Chief Analyst, Arne Lohmann Rasmussen at Danske Bank, suggests that any significant rise in global rates and yields over the next three to six months looks relatively unlikely, in his view.
“The ECB is buying EUR80bn of bonds every month and given the still quite optimistic inflation forecast from the ECB, we believe that later this year it will announce that the bond purchases will be prolonged for another six months so that they run until September 2017 at least.
In addition, the Bank of Japan (BoJ) looks set to continue buying bonds at a record pace in 2016 and 2017. Therefore, although we expect the Fed to hike rates once this year, we expect the effect on the long end of the curve to be modest.

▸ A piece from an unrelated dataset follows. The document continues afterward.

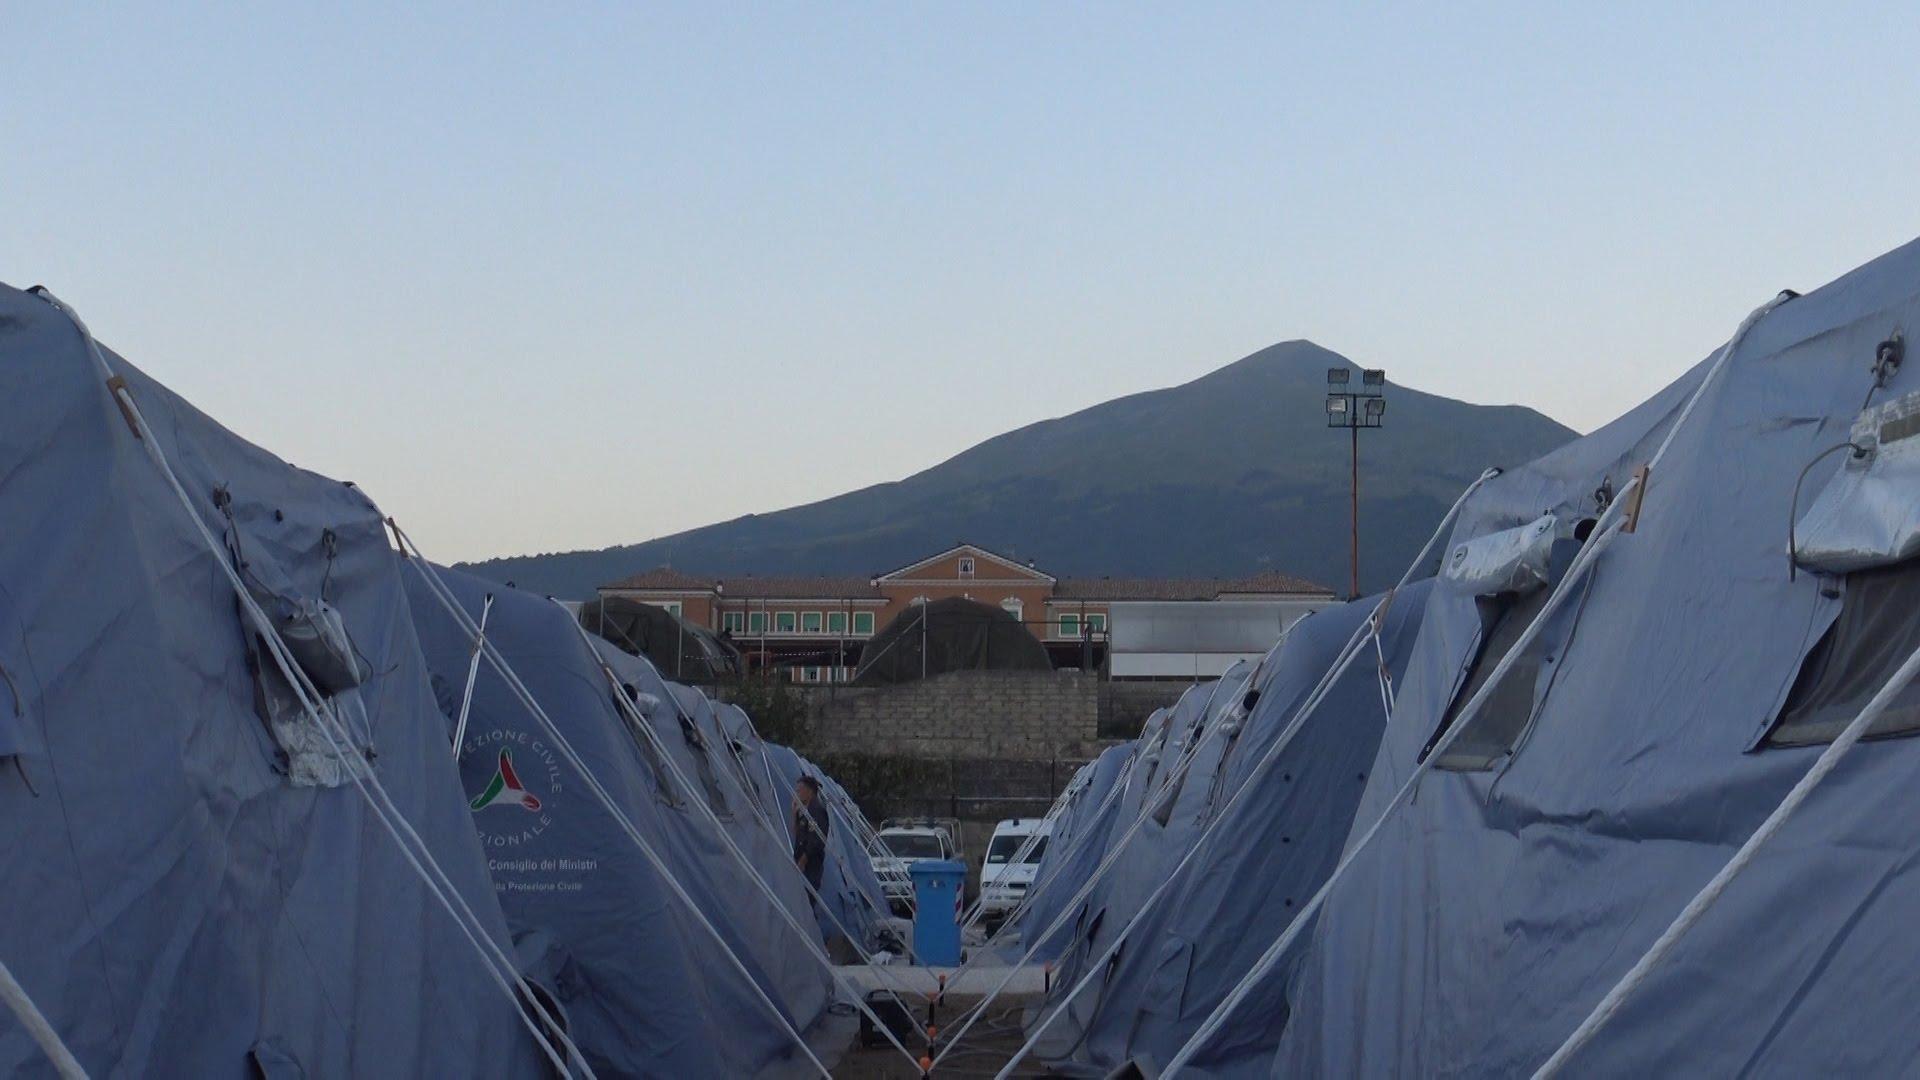 Terremoto centro italia, 2 ottobre: scende ancora la popolazione assistita

However, recently we have seen a new dive in global yields. Part of the reason is concerns ahead of the upcoming UK EU referendum – safe-haven buying. Our main scenario is that the UK will remain in the EU. However, with the polls so close, a Brexit certainly cannot be ruled out.
It would be wrong, in our view, to believe that we would see a sharp rise in global yields if we do not see a Brexit next week. The global ‘hunt for yield’ will not disappear. The ECB and BoJ will still be buying a tremendous amount of bonds in the market. The concerns about the global economy will still be evident. We still do not know whether the recent slowdown in the US labour market reflects an underlying weakness in the US economy or if the US economy will regain speed as we forecast. Hence, we still expect 10Y German government bond yields to stay close to zero for the next six months even if we do not see a Brexit.
However, if we are correct that the Fed will resume its hiking campaign in the autumn, we could see small upward pressure on 10Y yields.
What if we see a Brexit?
If we do see a Brexit, the global downward pressure on yields is likely to intensify. The ECB will most likely come up with a policy response if it sees signs that the Eurozone economy is being affected, the Fed will effectively go on hold and the BoJ might have to react to an expected appreciation of the yen. In a Brexit scenario, we could see 10Y German yields dropping to -20bp or lower.”